Conditional analysis
We selected 113 independent signals based on the distance criterion. For conditional analysis using REGENIE, we included 315 independent CRP-associated signals reported in previous study7,8. To determine whether the above-reported sentinels correspond to the same nearby signal from our results, we conditioned our CRP signals on the previously reported nearby sentinels. Following the definition of a signal proposed by Shrine et al. 51, we compared the original P-value with the conditional P-value of our signals to determine whether the reported sentinel predominantly explains our CRP signal. Specifically, we classified our signal as being explained by a previously reported signal if there was substantial attenuation, defined by a log10P / log10Pconditional ratio > 1.5 and Pconditional > 5.0 × 10−9). The Combined Annotation Dependent Depletion (CADD) of signals was derived from Schubach et al. 52.
Cross-population fine-mapping analysis
SuSiEx53 extends the single-population fine-mapping model, Sum of Single Effects (SuSiE)54, by integrating population-specific GWAS summary statistics and linkage disequilibrium (LD) reference panels from multiple populations. Using the SuSiE framework, each single effect is coupled with the assumption that the causal variants are shared across populations. SuSiEx was conducted on the CRP-associated genomic loci to identify likely causal variants. The resulting variants of each locus to the identification of likely causal variants. The resulting variants of each loci constitute the smallest list of variants that cumulatively have a ≥95% probability of encompassing causal variants. For the LD reference panel, 10,000 Europeans were randomly sampled from the UK Biobank (UKB), whereas for African and Asian populations, the complete datasets from the UKB were utilized, while for the Hispanic population, the HCHS-SOL dataset was used to maximize the robustness of ancestry-specific analyses.
Genomic regulatory and functional enrichment analysis
We used GWAS Analysis of Regulatory or Functional Information Enrichment with LD correction (GARFIELD)55 with default parameters to perform functional annotations, covering regions including DNase I hypersensitivity hotspots, open chromatin peaks, transcription-factor footprints and formaldehyde-assisted isolation of regulatory elements, histone modifications, chromatin segmentation states, genic annotations and transcription-factor binding sites. Based on European meta-analysis (to make the analysis more computationally feasible, only variants with P < 0.1 were included), we applied GARFIELD to DNase I hypersensitivity hotspots annotation across 424 cell lines and primary cell types from ENCODE and Roadmap Epigenomics, deriving enrichment estimates at CRP-genotype association P-value thresholds of P < 1.0 × 10−3, P < 1.0 × 10−5, P < 1.0 × 10−7 and P < 5.0 × 10−9.
Polygenic Priority Score for gene prioritization
Polygenic Priority Score (PoPS) is a similarity-based gene prioritization method that uses extensive set of bulk and single-cell expression datasets, curated biological pathways and predicted protein-protein interactions19. For each locus, the gene with the numerically highest PoPS score was determined to be the PoPS-prioritized gene. In our study, we used Polygenic Priority Score v.0.2 (https://github.com/FinucaneLab/pops), incorporating summary statistics from European-specific meta-analysis and a reference panel of 10,000 randomly selected Europeans from the UKB. We gave priority to genes for all autosomal CRP signals within a 500-kb ( ±250 kb) window centered on the sentinel and identified the top-prioritized genes in the region. For the signals lacking prioritized genes within the 500-kb window, we extended the search to a 1-MB ( ±500 kb) window.
Gene-set association analysis
To evaluate the impact of rare (minor allele frequency [MAF] <0.01) and ultra-rare variants (minor allele count [MAC] <10), we performed gene-level collapsing analysis.

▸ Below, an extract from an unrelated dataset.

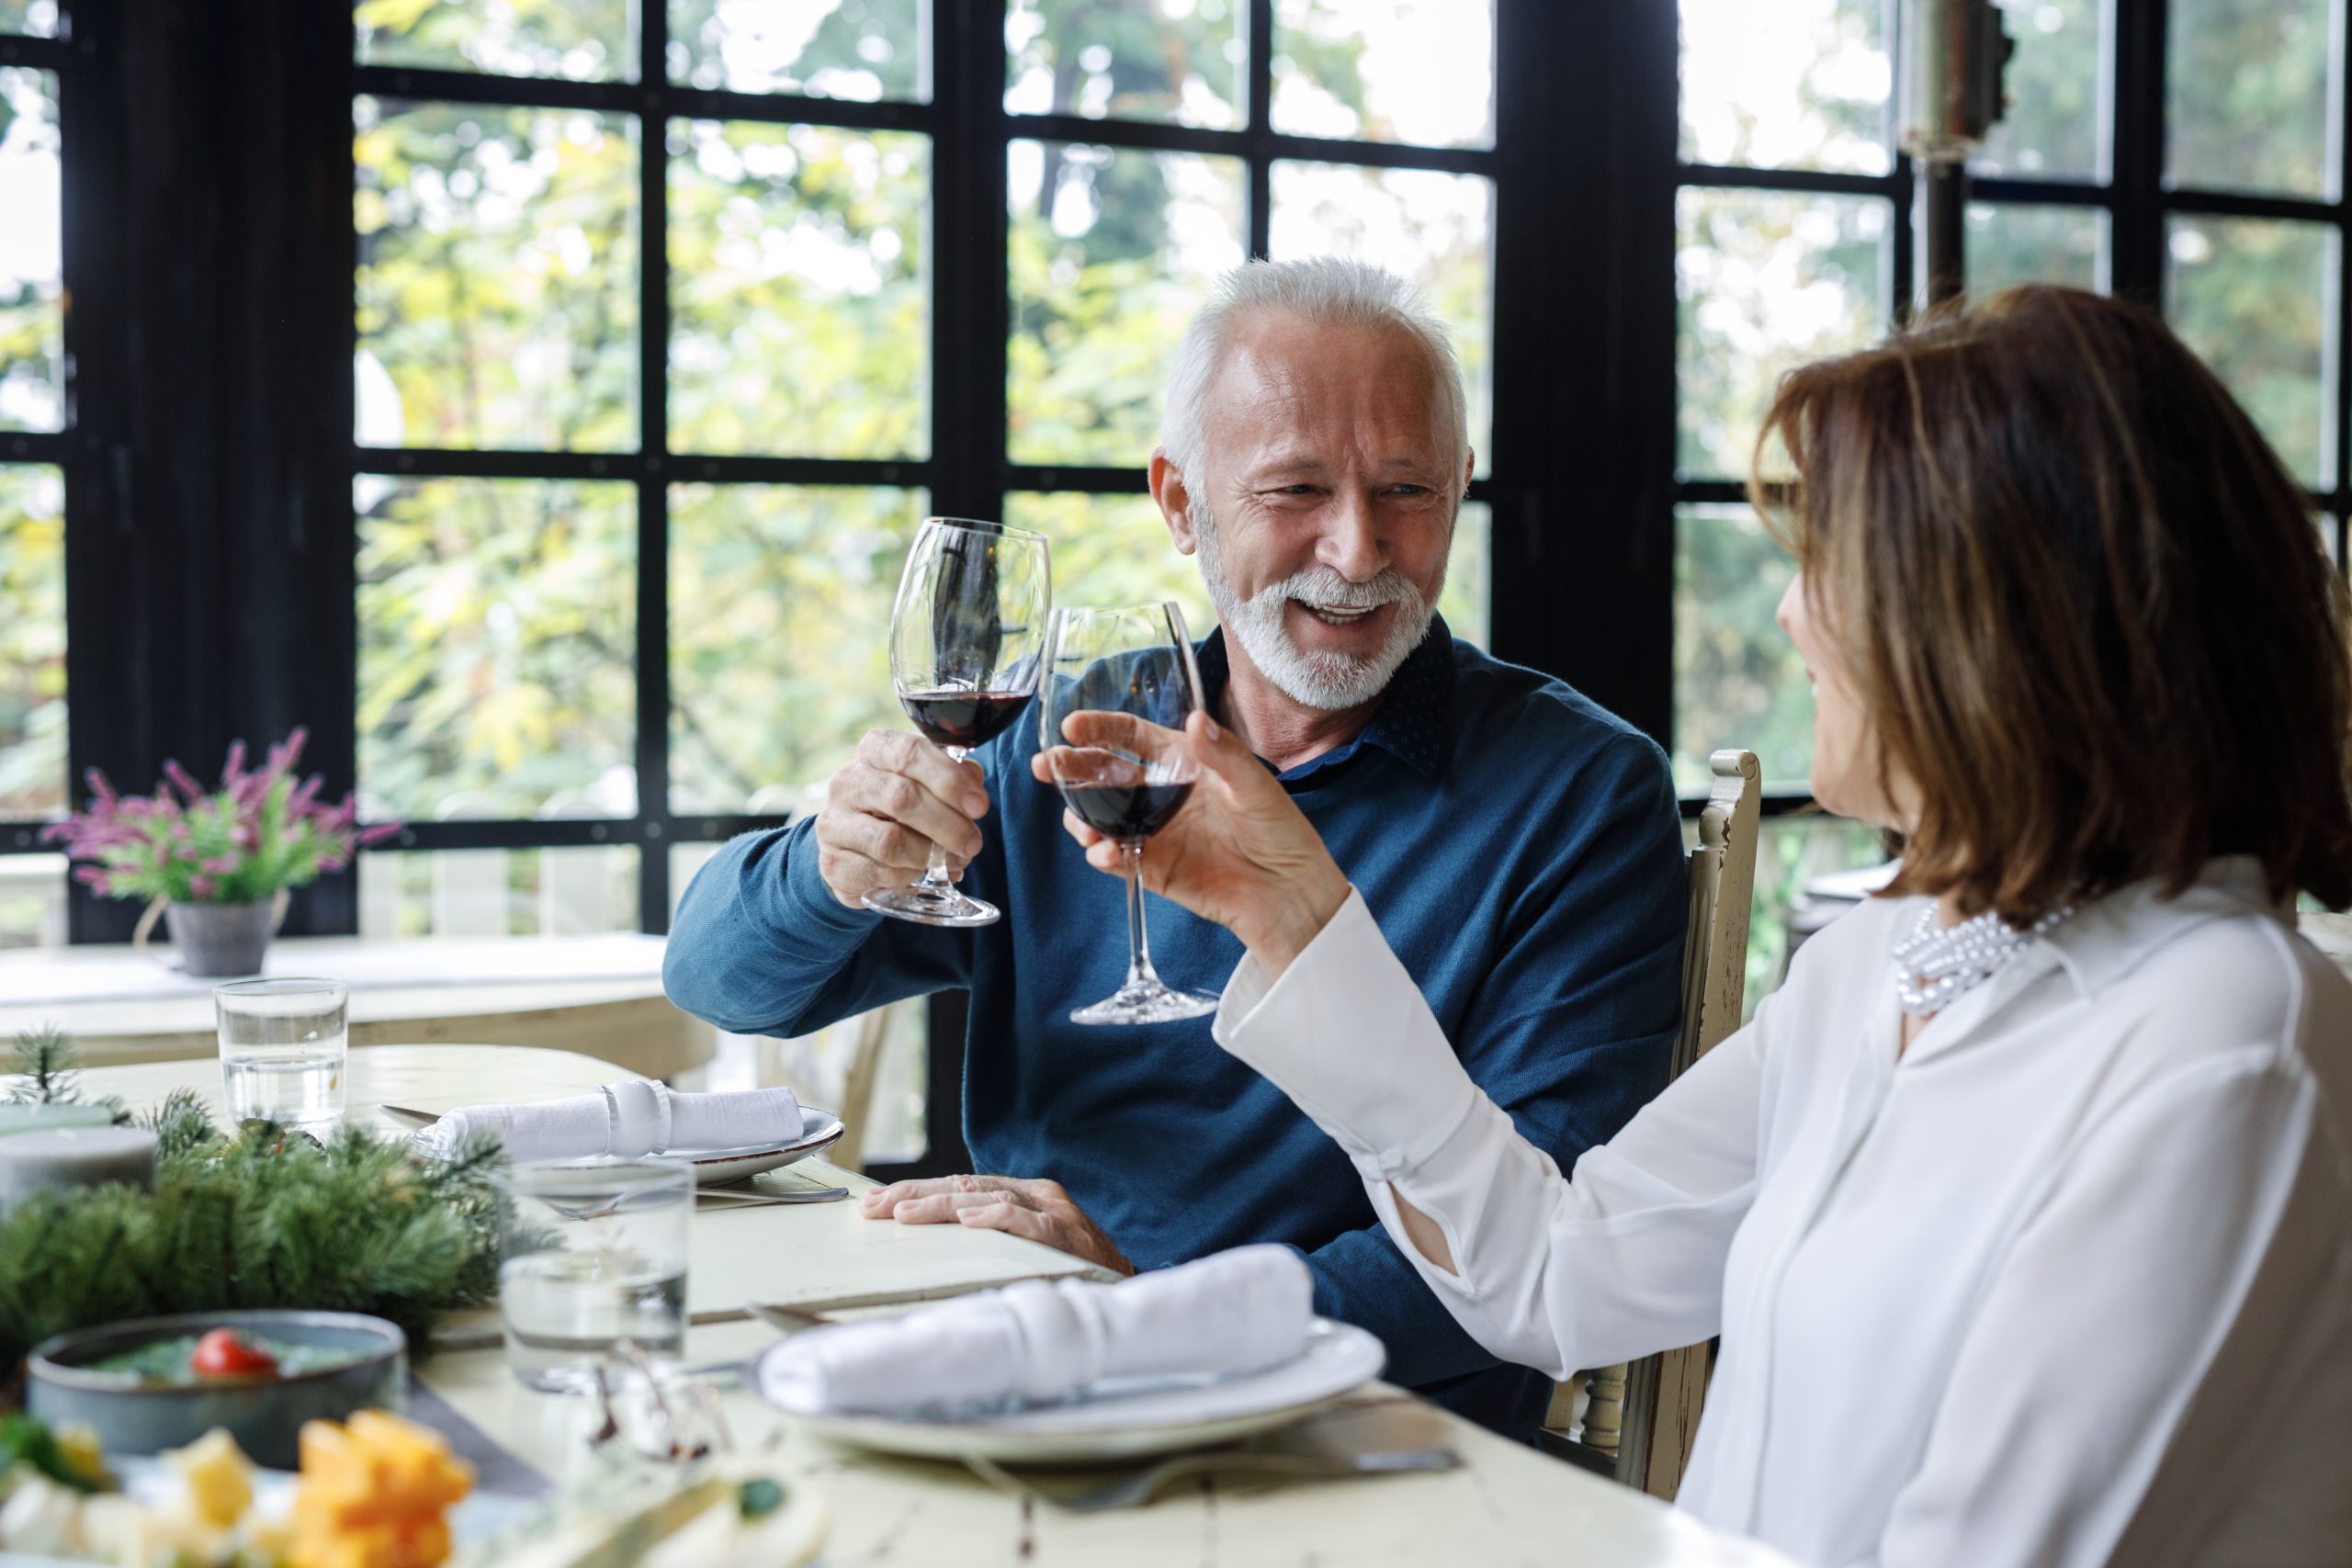 An elderly couple celebrating with wine at a restaurant, raising their glasses in a toast.

In constructing the mask, functional annotations and alternative allele frequency (AAF) cutoff values below 1% were used.

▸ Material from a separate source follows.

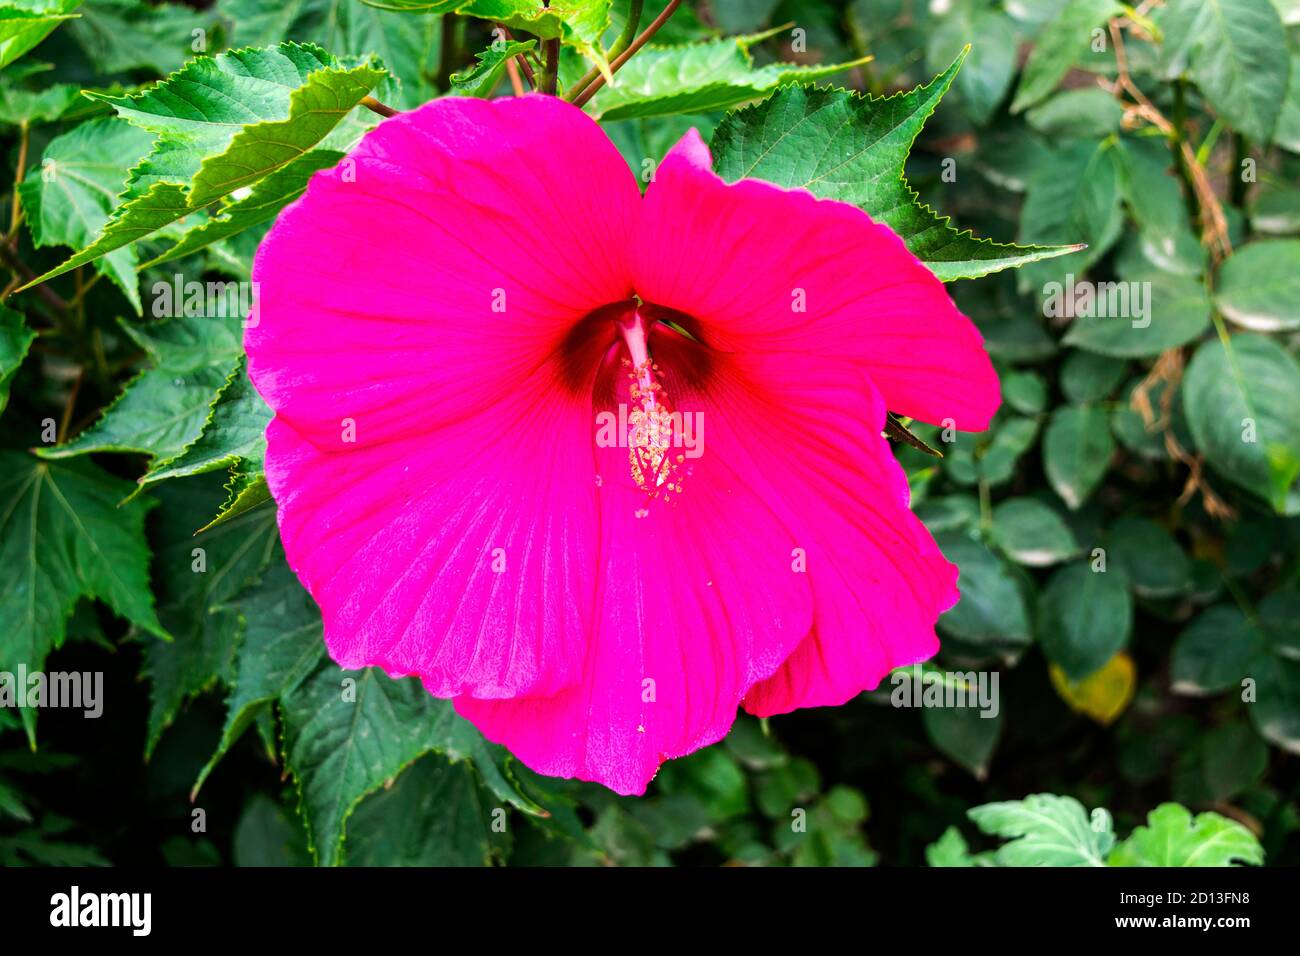 a pink hibiscus flower blooming against green foliage Stock Photo

Our primary focus was on rare and ultra-rare protein-coding variants (loss-of-function (LoF) and missense variants) and non-coding variants (ncRNA exonic, ncRNA exonic-splicing, and ncRNA splicing variants). For each gene-level collapse, we report the association P-value derived using the ACAT-O method, implemented in REGENIE (v3.2.6).
All association analyses were adjusted for covariates, including age, sex, and the top 10 principal components (PCs), to account for potential confounding factors and mitigate population stratification. P-values from different datasets were aggregated using the Aggregated Cauchy Association Test (ACAT)56. Bonferroni correction was used to determine genome-wide significance thresholds for gene-level associations (0.05 / 35,790 = 1.397 × 10−6, 18,949 protein-coding genes and 16,841 ncRNAs).
Identification of eQTLs and pQTLs Mendelian randomization and colocalization of priority genes and CRP-related diseases
Data sources
To investigate the broader phenotypic implications of the prioritized genes associated with CRP, we examined their links to 55 diseases1,2,3,4,5,6,57,58, including 37 immune-mediated diseases (IMDs), 9 types of cancers, 4 cardiovascular diseases (CVDs), as well as non-insulin-dependent diabetes mellitus, chronic obstructive pulmonary disease (COPD), obesity, depression, and schizophrenia. Summary statistics for these diseases were available from the FinnGen Consortium’s summary results (R11 release)59. For colocalization analysis, two blood eQTL and three pQTL resources were used: GTEx V10 (N = 800 and 13,903 genes)60, eQTLGen (N = 31,684 and 19,942 genes)61, UK Biobank pQTLs (N = 33,995 and 2911 proteins)62, deCODE pQTLs (N = 35,449 and 4719 proteins)63, and Fenland pQTLs (N = 10,708 and 4979 proteins)64.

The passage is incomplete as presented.